Avant de fermer ce rideau, intéressons-nous à cette attention sémantique voulue par Bayrou qui croit encore aux ficelles des formules, sans doute n’a-t-il pas entièrement tort, en insistant sur la nature du contrat passé avec Juppé. Non, revendique-t-il, il n’y a pas eu d’accord mais un partenariat. Le citoyen pas trop idiot aura vite détecté la langue de bois, le sens de l’esbroufe, l’esquive, l’art de botter en touche. Un accord suppose au sens métaphysique, une haute valeur de vérité, de consonance, d’entendement sur des choses essentielles. Un accord renvoie aussi à une négociation. Des intérêts convergents ont permis aux parties de s’entendre sur une feuille de route signée en commun. C’est le cas dans le domaine des négociations entre patrons et syndicats, mais aussi en politique. Comment faire accroire qu’il n’y a pas eu accord entre le Modem et l’UMP pour faire liste commune ? C’est prendre les gens pour des imbéciles que de mégoter sur la signification des mots et parler d’un partenariat comme le revendique Bayrou. C’est même se tirer une balle dans le pied car la notion de partenariat évoque la participation d’une entreprise dans le capital d’un grand groupe. De ce fait, le partenariat du Modem signifie une représentation du politique calquée sur celle de l’entreprise. Avec ses 22 points à la présidentielle sur Bordeaux, Bayrou a monnayé les voix de ses électeurs pour que son parti devienne actionnaire minoritaire certes, mais avec force jetons et adjoints, du conseil d’administration de la ville de Bordeaux dont les réunions se tiennent au Palais Rohan. On dit aussi partenaire de jeu. Bayrou a joué sur l’échiquier politique une partie. Qu’on peut tenter d’analyser.

Non sans évoquer la situation d’un héritier qui dispose d’un bien et qui veut le vendre avec précipitation, sans travailler son produit, le valoriser, et le propose à un prix sous évalué à un acheteur de peur de perdre le montant escompté de la transaction et de faire fuir l’acheteur. Marchandage. Ainsi... no comment.

L’élection municipale de Bordeaux est certainement celle qui se dessine avec le plus de traits saisissants comme reflétant un enjeu national, bien plus que dans les autres grandes métropoles. Quoi qu’il advienne, un constat s’impose.

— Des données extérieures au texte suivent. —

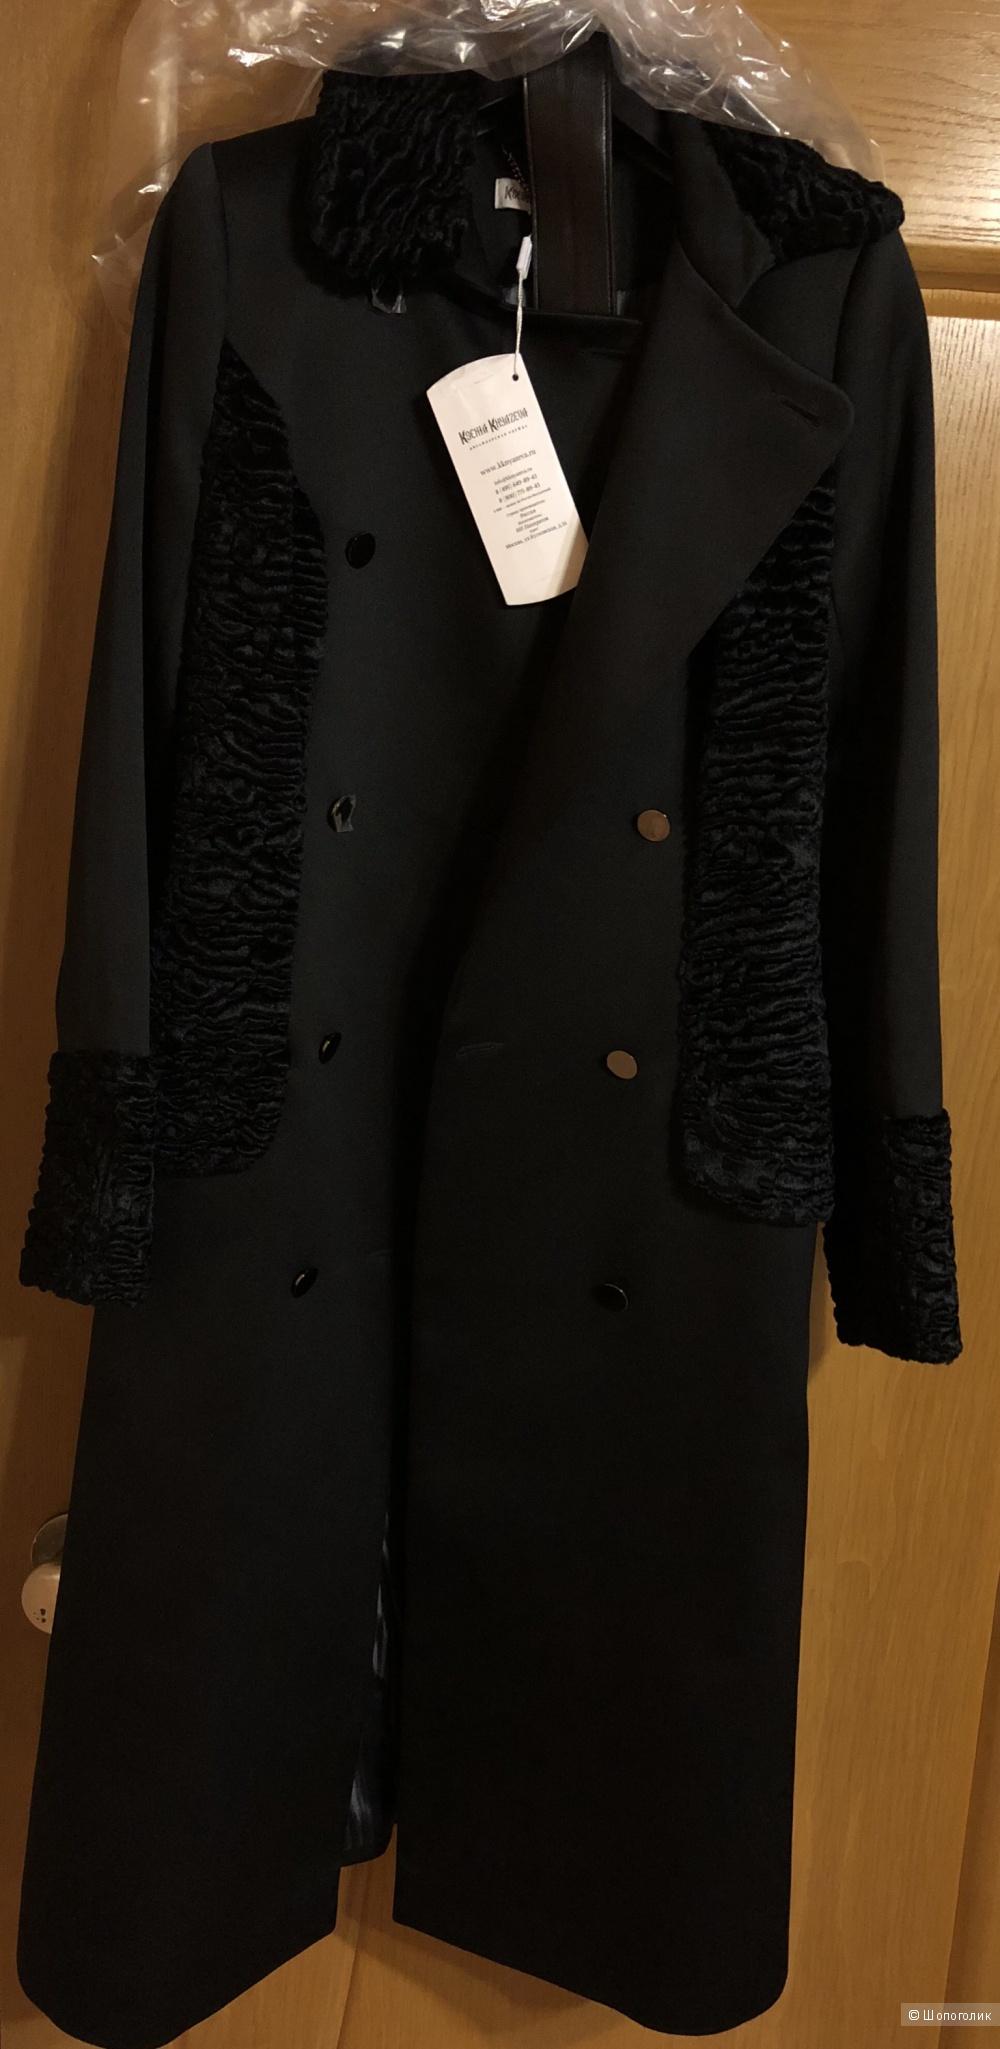 Пальто Ksenia Knyazeva/Ксения Князева, размер 42-44

Le Modem bordelais a abdiqué face à l’enjeu. L’avenir dira si ce constat d’un dégonflement du soufflet centriste est avéré. Mais pour l’instant, force est de constater que Bayrou a joué petit bras. Et que l’Histoire est tellement puissante qu’elle anéantit tous ceux qui tentent d’infléchir son cours en jouant des cartes personnelles ou des tactiques valables un moment mais invalides ensuite. Ce qui a été hélas pour l’intéressé le cas du coup de dés joué par Bayrou lors des présidentielles. Se sachant sur une mauvaise donne, notamment parce que Sarkozy ne s’en tire pas si mal, Bayrou s’est décidé pour jouer la consolante (Paraclet), terme qu’on n’ira pas jongler sur les terres évangéliques, ce serait placer Bayrou bien trop haut, mais sur le terrain de la pétanque. Bayrou, qui n’a pas démérité et qui a du talent, se contentera de la mairie de Pau. La clé des négociations secrètes n’a que peu d’importance. Ainsi va l’Histoire et le jeu politique qui avec cette exemplarité des municipales de Bordeaux, montre qu’une partie est pour certains déjà jouée. Le Modem a signé sa dissolution dans les eaux troubles de la Garonne. Comme si l’issue de cette fronde politique était déjà inscrite selon des dispositions que les initiés de Sun Tse connaissent.